=== What this task involves ===
From the data below, repeat everything exactly except the images.

=== Provided material ===
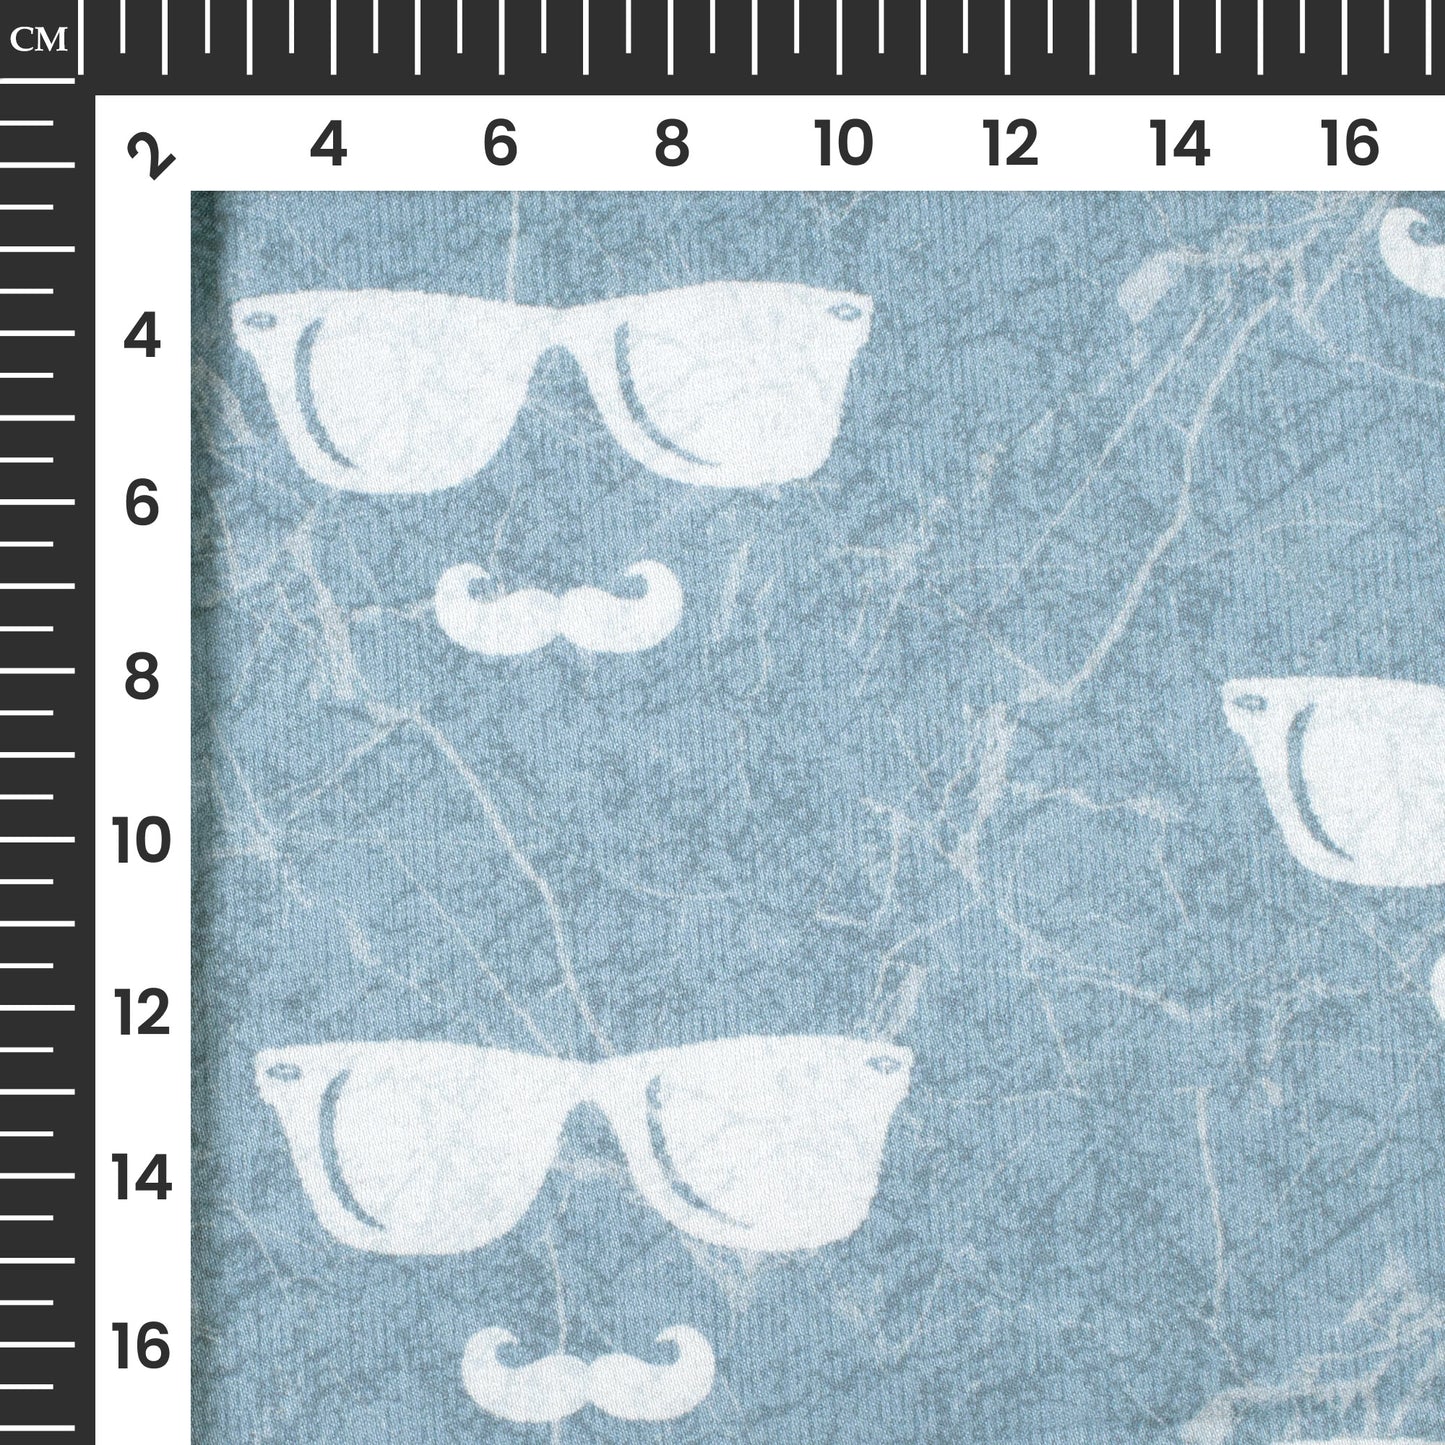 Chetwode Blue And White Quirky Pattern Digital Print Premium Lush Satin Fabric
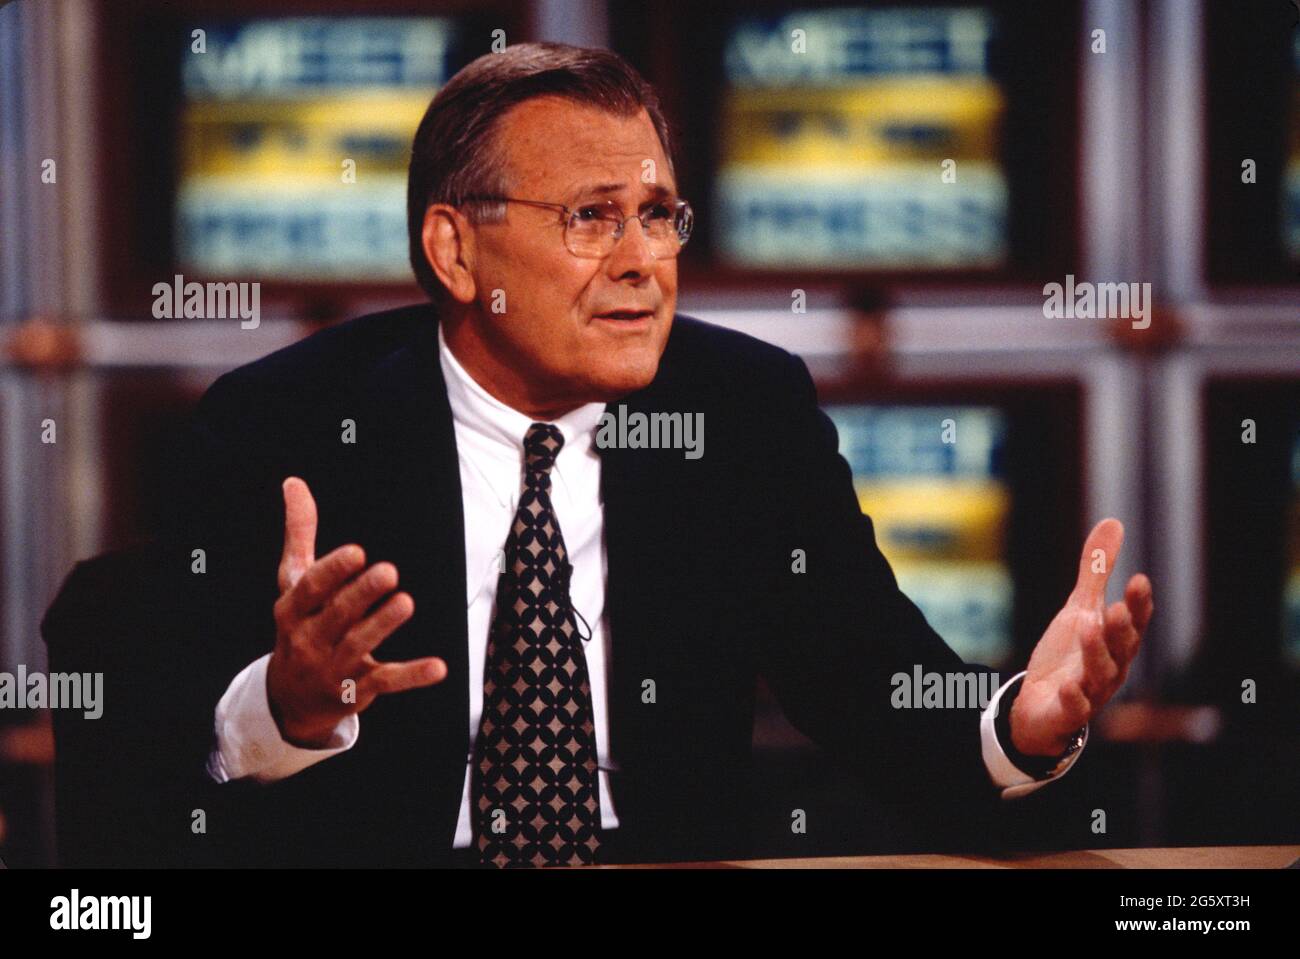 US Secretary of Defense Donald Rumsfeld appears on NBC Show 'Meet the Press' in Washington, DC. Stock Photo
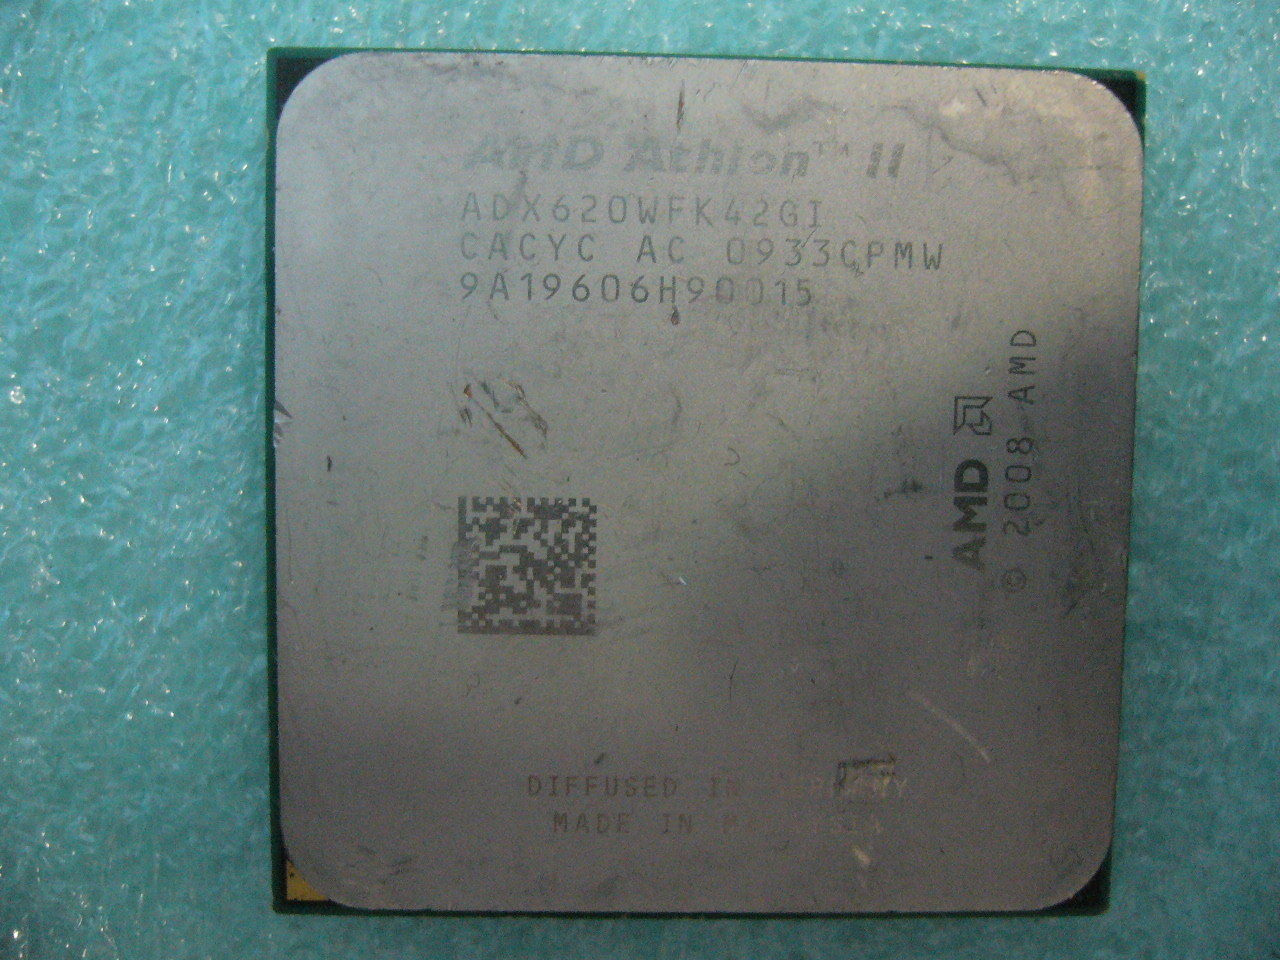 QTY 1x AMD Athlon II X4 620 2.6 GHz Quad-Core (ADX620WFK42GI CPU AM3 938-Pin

=== Task solution ===
 Chetwode Blue And White Quirky Pattern Digital Print Premium Lush Satin Fabric
 US Secretary of Defense Donald Rumsfeld appears on NBC Show 'Meet the Press' in Washington, DC. Stock Photo
 QTY 1x AMD Athlon II X4 620 2.6 GHz Quad-Core (ADX620WFK42GI CPU AM3 938-Pin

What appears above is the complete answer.